Android includes runtime checks to switch to a different set of instructions, swpal/casal, if CPU supports ARMv8 + LSE. The memory reorder issues observed in #114262 have not been reproduced when the LSE assembly instructions are used, probably because it is less likely with one instruction instead of 2+ sequence, and load/stores can't be reordered past the full acquire/release barriers but can be reordered into the barriers. The guarantee offered by swpal/casal is still acquire/release semantics without a full barrier, so in theory it could end up with similar reorder issues. The issue has not been reproduced on iOS simulator since compiler will use ARMv8 + LSE instruction for that build. On iOS device build it will compile without LSE support, generating the more fragile assembler sequence, making it more likely to hit the issue on any iOS ARM64 device.

Mono JIT code generation already handles this scenario on ARM64, it will make sure exchange and CAS operations end up with a full memory barrier, CoreCLR does the same thing for its lowering of Interlocked functions and that is why the issue won't reproduce when using AOT compiled code, only using interpreter.
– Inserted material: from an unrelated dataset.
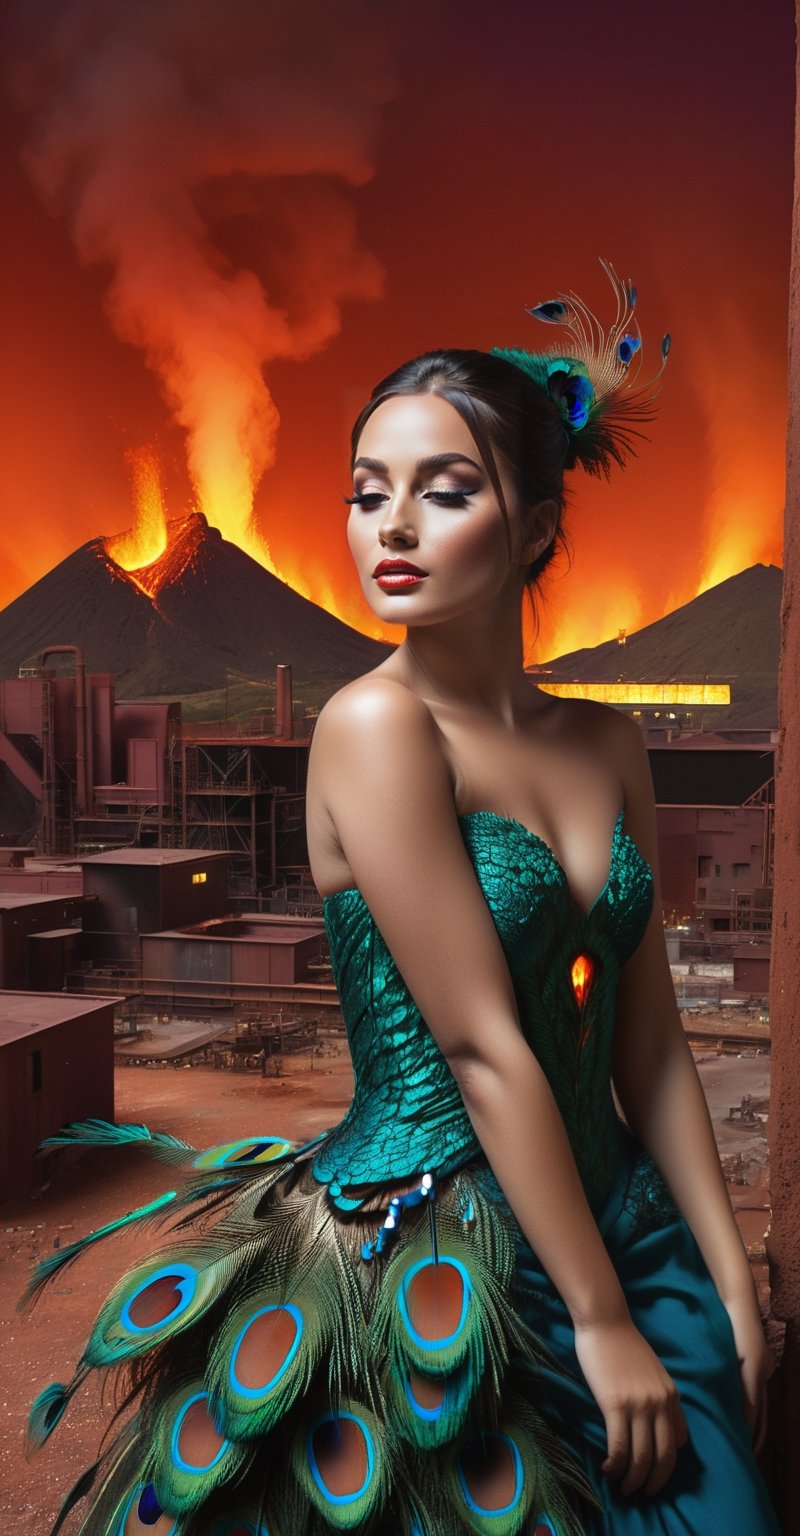 A youthful girl's form slowly contorts and expands, feathers sprouting from her arms and torso as she morphs into a majestic peacock. Against a rich, volcanic backdrop of crimson and burnt orange hues, the Alboca glass manufacturing facility hums in the background. Gigapascal pressure vessels glow with an eerie uranium green light, casting an otherworldly ambiance on the scene. The raw, photorealistic depiction captures the surreal moment with unflinching accuracy.,Illustration,Sexy Toon,facial expression

Having that said, since the mono_atomic_* functions are used within runtime, it might still manifest itself under other configurations, probably leading to memory corruption and weird crashes.

Fix aligns code generated by C11 atomics with what's being generated by JIT compilers, ending with a full memory barrier:

ldaxr       // Load exclusive with acquire semantics.
stlxr       // Store exclusive with release semantics
cbnz        // Retry on failure.
dmb ish     // Full memory barrier.

This is inline with the code generated by both Mono and CoreCLR JIT ARM64 compilers for Interlocked functions.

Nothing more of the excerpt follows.